I don't have a device capable of reproducing and I'm currently working
on issues elsewhere.  If you don't plan to continue working on it, I'd
suggest filing a bug at bugzilla.kernel.org so that we can at least
track the problem.  Thanks,

Alex

> -----Original Message-----
> From: Cheng, Collins 
> Sent: Wednesday, May 24, 2017 4:56 PM
> To: 'Alex Williamson' <alex.william...@redhat.com>
> Cc: Alexander Duyck <alexander.du...@gmail.com>; Bjorn Helgaas 
> <bhelg...@google.com>; linux-...@vger.kernel.org; 
> linux-kernel@vger.kernel.org; Deucher, Alexander <alexander.deuc...@amd.com>; 
> Zytaruk, Kelly <kelly.zyta...@amd.com>; Yinghai Lu <ying...@kernel.org>
> Subject: RE: [PATCH] PCI: Make SR-IOV capable GPU working on the SR-IOV 
> incapable platform
> 
> Hi Alex W, Alex D,
> 
> I just tried two options, one is enable "Above 4G Decoding" in BIOS setup 
> menu, the other is add "pci=realloc=off" in grub. Both can fix this issue. 
> Please see the attached log files.
> 
> Previously I thought "Above 4G Decoding" is enabled, but it is off when I 
> looked CMOS setup today.
> 
> For now I think we have a solution. For the system that supports "Above 4G 
> Decoding", user should enable it when use a SR-IOV supported device.
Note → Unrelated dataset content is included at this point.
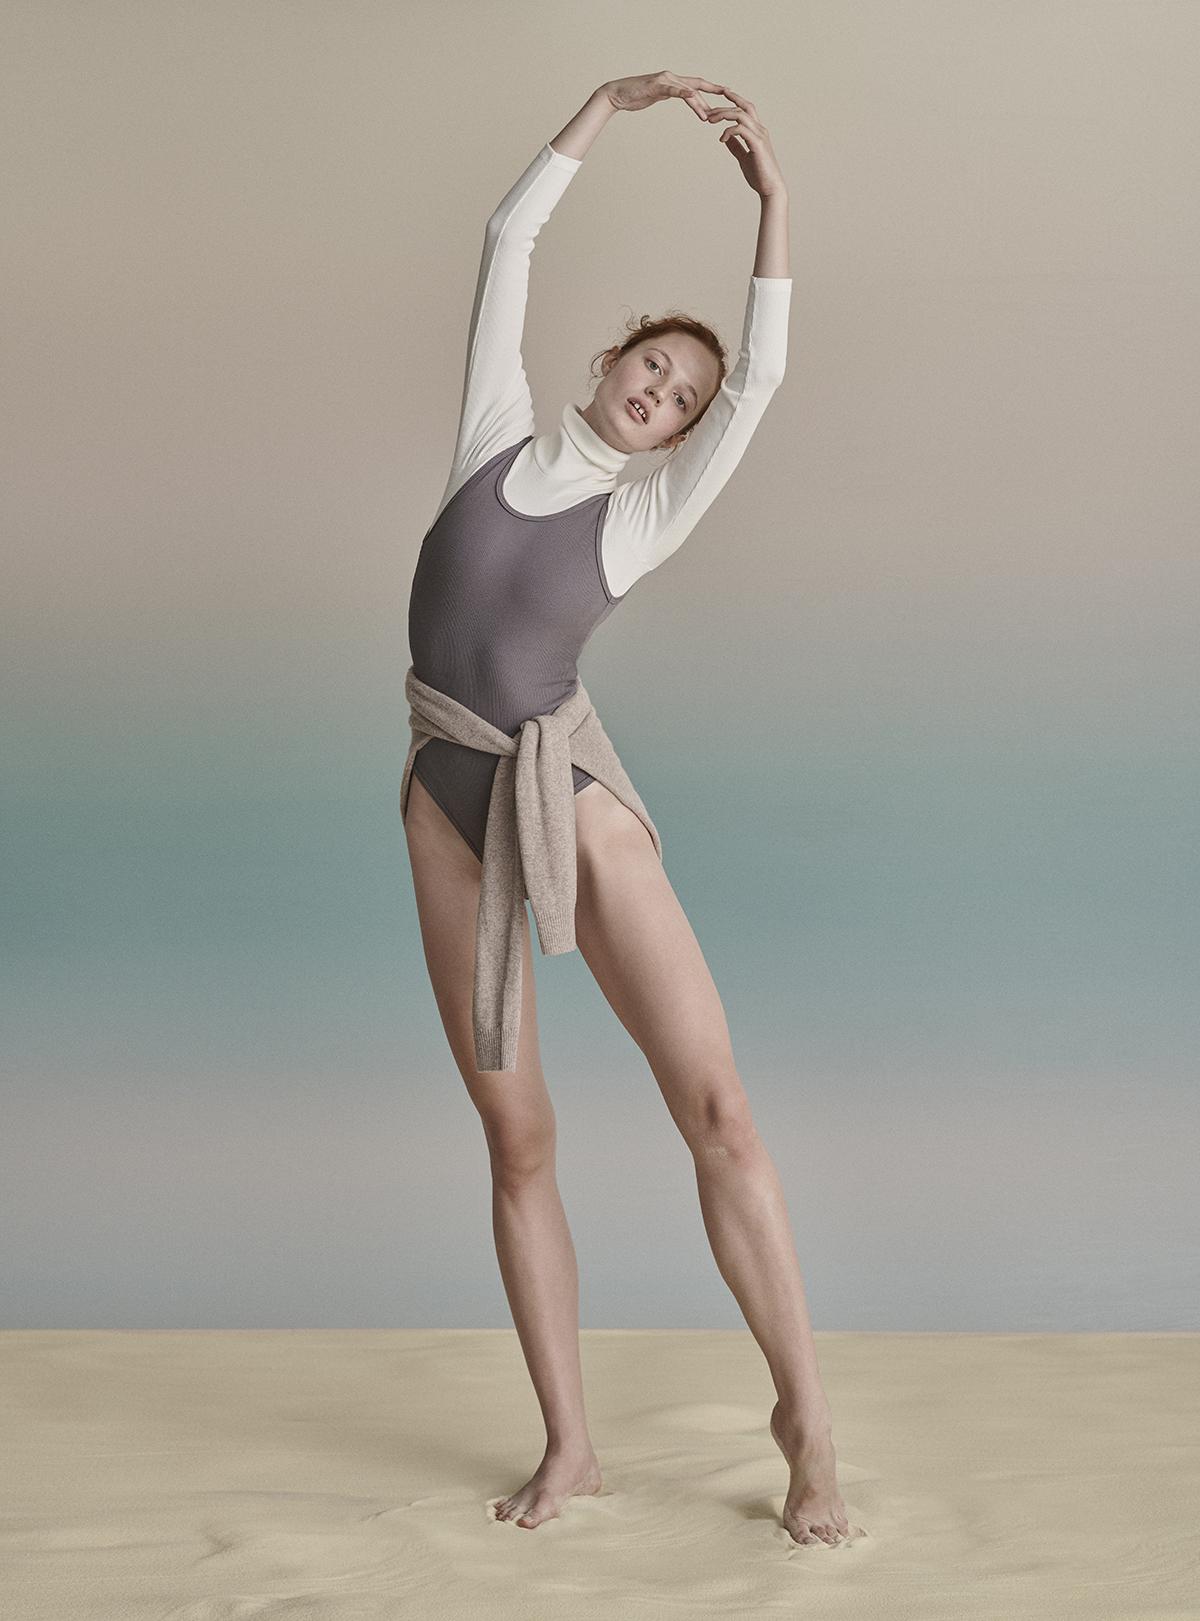 mloda ruda dziewczyna ubrana w szare body na biale body w pozie baletnicy na teczowym tle

For the 
> system that doesn't support "Above 4G Decoding", user needs to add 
> "pci=realloc=off" in grub.
> 
> Potentially I think kernel still needs to find a way to avoid this issue 
> happen, like keeps the resource as the BIOS assigned value if there is a 
> failure on device's resource reallocation.
> 
> 
> -Collins Cheng
> 
> 
> -----Original Message-----
> From: Alex Williamson [mailto:alex.william...@redhat.com] 
> Sent: Wednesday, May 24, 2017 2:20 AM
> To: Cheng, Collins <collins.ch...@amd.com>
> Cc: Alexander Duyck <alexander.du...@gmail.com>; Bjorn Helgaas 
> <bhelg...@google.com>; linux-...@vger.kernel.org; 
> linux-kernel@vger.kernel.org; Deucher, Alexander <alexander.deuc...@amd.com>; 
> Zytaruk, Kelly <kelly.zyta...@amd.com>; Yinghai Lu <ying...@kernel.org>
> Subject: Re: [PATCH] PCI: Make SR-IOV capable GPU working on the SR-IOV 
> incapable platform
> 
> On Tue, 23 May 2017 03:41:21 +0000
> "Cheng, Collins" <collins.ch...@amd.com> wrote:
> 
> > Hi Alex,
> > 
> > I owe you a dmesg log. Attachment are two log files. 1.txt is without 
> > "pci=earlydump", 2.txt is with "pci=earlydump". The platform is an ASUS 
> > Z170-A motherboard that doesn't support SR-IOV. The graphics card is AMD 
> > FirePro S7150 card which enabled SR-IOV. 
> > 
> > You could find the error info like below in both logs. From the log, kernel 
> > failed to reallocate resource for BAR0 which is PF's Frame Buffer BAR 
> > (256MB needed), but kernel reallocated resource for BAR9 which is for VF. 
> > You are right, the real bug that is something goes wrong with the 
> > reallocation leaving the PF without resources.
> > 
> > [    0.992976] pci 0000:01:00.0: BAR 0: no space for [mem size 0x10000000 
> > 64bit pref]
> > [    0.992976] pci 0000:01:00.0: BAR 0: failed to assign [mem size 
> > 0x10000000 64bit pref]
> > [    0.992977] pci 0000:01:00.0: BAR 7: no space for [mem size 0x40000000 
> > 64bit pref]
> > [    0.992978] pci 0000:01:00.0: BAR 7: failed to assign [mem size 
> > 0x40000000 64bit pref]
> > [    0.992979] pci 0000:01:00.0: BAR 9: assigned [mem 0x88c00000-0x8abfffff 
> > 64bit pref]
> > [    0.992986] pci 0000:01:00.0: BAR 12: no space for [mem size 0x02000000]
> > [    0.992986] pci 0000:01:00.0: BAR 12: failed to assign [mem size 
> > 0x02000000]
> > [    0.992988] pci 0000:01:00.0: BAR 2: assigned [mem 0x8ac00000-0x8adfffff 
> > 64bit pref]
> > [    0.992994] pci 0000:01:00.0: BAR 5: no space for [mem size 0x00040000]
> > [    0.992995] pci 0000:01:00.0: BAR 5: failed to assign [mem size 
> > 0x00040000]
> > [    0.992996] pci 0000:01:00.0: BAR 6: no space for [mem size 0x00020000 
> > pref]
> > [    0.992997] pci 0000:01:00.0: BAR 6: failed to assign [mem size 
> > 0x00020000 pref]  
> 
> I've tried to extract more of the relevant resizing efforts below, perhaps 
> Yinghai or others can make more out of it.  In particular this system offers 
> no 64-bit MMIO and we'll never manage to allocate the necessary SR-IOV 
> resources without it.  AIUI, the PCI core won't try to use anything outside 
> the ACPI _CRS data without the option pci=nocrs.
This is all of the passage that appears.